Also, Cobb was not brought into the conspiracy for a single deal. The plea agreement indicates that Cobb agreed with Hamilton and others to come to the Quad Cities for the purpose of distributing crack cocaine. He intended to conduct future transactions, but the government deprived him of this opportunity when it confiscated the drugs stored by the conspirators. See Flores, 73 F.3d at 834 (defendant "had no such limited agreement, explicit or implicit, when he joined the conspiracy, viz., that he was only in for a single deal"; defendant "intended to conduct future transactions with the [coconspirators] and was simply deprived of the opportunity to do so because he was arrested").

Moreover, Pizano testified that during the period of time Cobb was living at Pizano's home, and spending "every day" with Hamilton, who was distributing and selling drugs on a regular basis, Pizano went to Neeley's home numerous times, including 7 trips in a one-week period. During this time, Hamilton sold at least 258 grams, and Cobb made a solo sale of eight ounces. Also, Hamilton and Cobb brought 50 grams to Moline from California, and that amount was stored at Neeley's.

The district court made a permissible inference that a distributor who sees various amounts of marijuana going to, and coming from, a stash house would reasonably foresee (if not actually know) that larger quantities of the drugs were kept at that location. The amounts Cobb and Hamilton needed for sales, including the eight-ounce sale he handled alone on March 30, 1994, were always available; thus he could reasonably foresee that larger amounts were kept there during the portion of time he was involved in the life of the ongoing conspiracy. See US v. Flores, 73 F.3d 826, 834 (8th Cir. 1996) (in view of defendant's "knowledge that the marijuana operation could readily satisfy orders for large quantities of marijuana, he had to have realized that significant quantities were stored" at the secluded warehouse; and defendant "knew that his customer was not the only individual who was going to be serviced by the" warehouse).

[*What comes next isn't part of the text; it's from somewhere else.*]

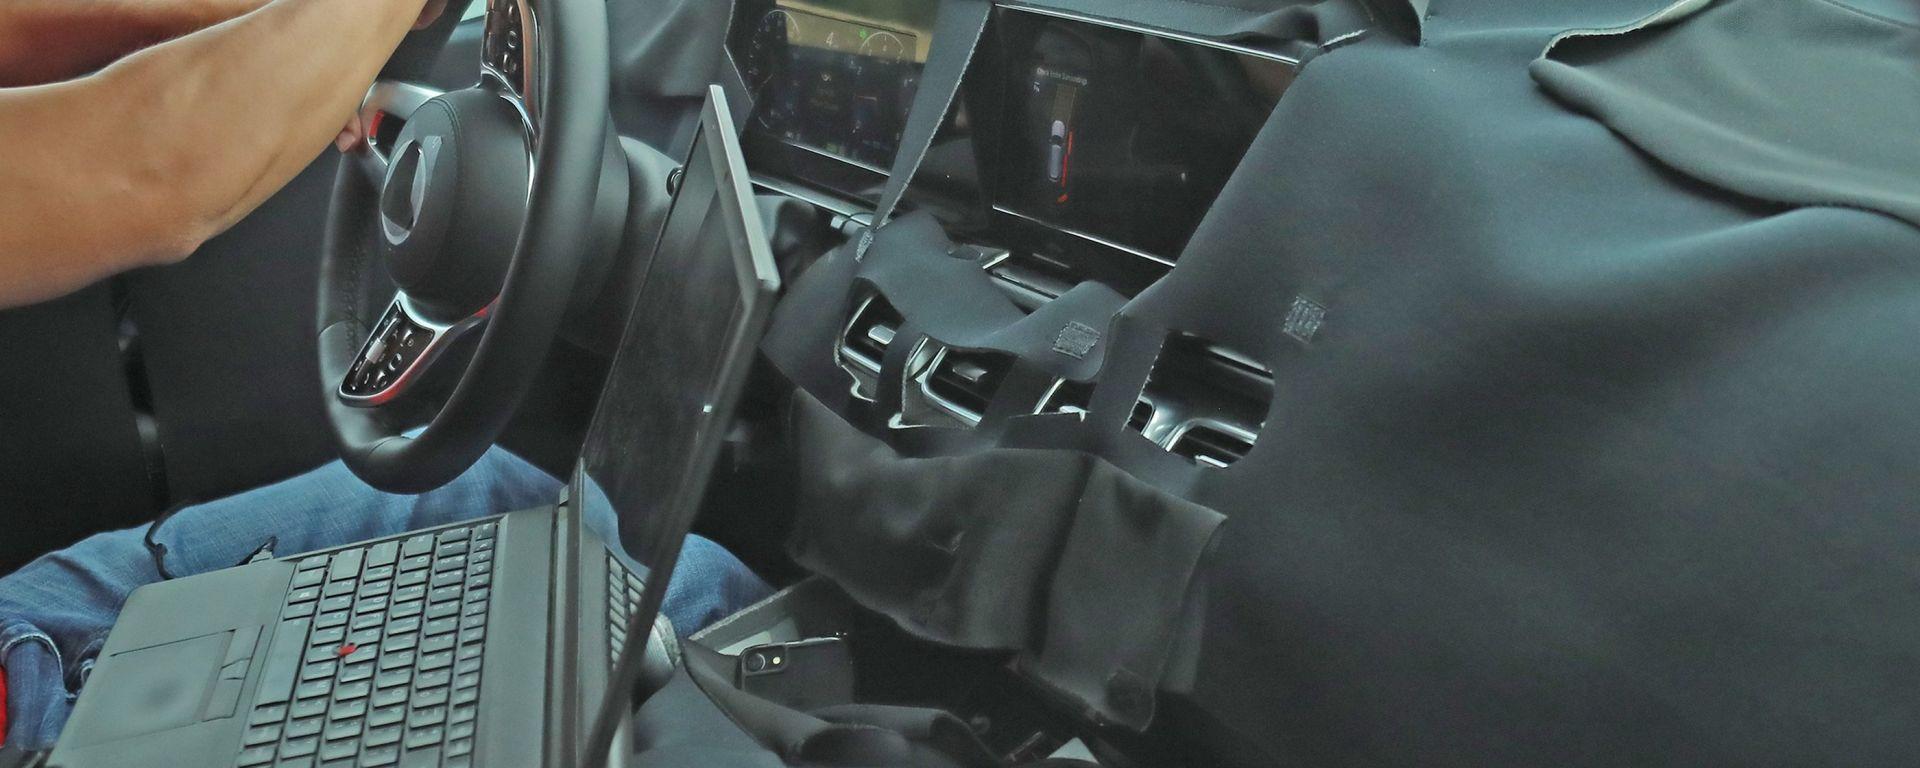 Nuova Mercedes GLS: le immagini spia degli interni
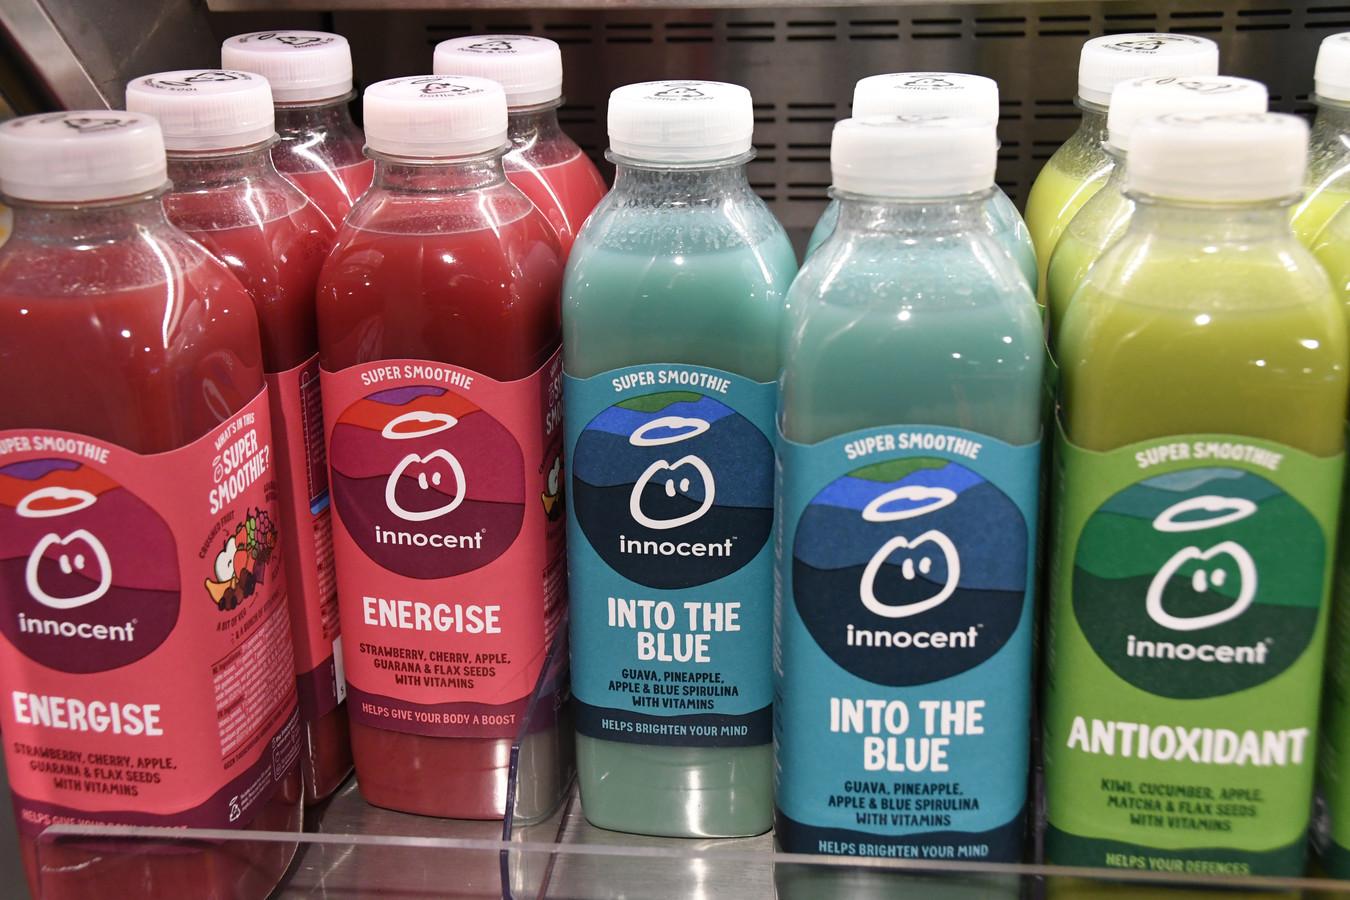 Smoothymerk innocent drinks heeftt de Groene Vrienden-campagne opgestart. Die loopt tot eind augustus

Cobb also points out that the district court allowed a two-point reduction for his role in the offense as a minor participant. Although Cobb's role might have been minor when compared with other coconspirators' roles, he did more than simply accompany Hamilton on drug buys. As the government argued at the sentencing hearing, when Hamilton was out of town, Cobb "stepped in and assumed ... the role [of decision] maker at that point in time." We conclude that no clear error occurred.

Eighth Amendment & Crack Cocaine

Cobb argues that his sentence violates the Eighth Amendment because of the disparity in sentencing between crack cocaine and pure cocaine. This court has rejected this argument, and similar arguments, in several cases. US v. Baker, 78 F.3d 1241, 1248 (7th Cir. 1996); US v. Smith, 34 F.3d 514, 525 (7th Cir. 1996); US v. Lawrence, 951 F.2d 751 (7th Cir. 1991). See also US v. Jackson, 103 F.3d 561, ---- (7th Cir. Dec. 26, 1996), 1996 WL 736472 at * 10; US v. Booker, 73 F.3d 706, 710 (7th Cir. 1996) (disparity does not create equal protection or due process violation); US v. Reddrick, 90 F.3d 1276 (July 25, 1996) (per curiam).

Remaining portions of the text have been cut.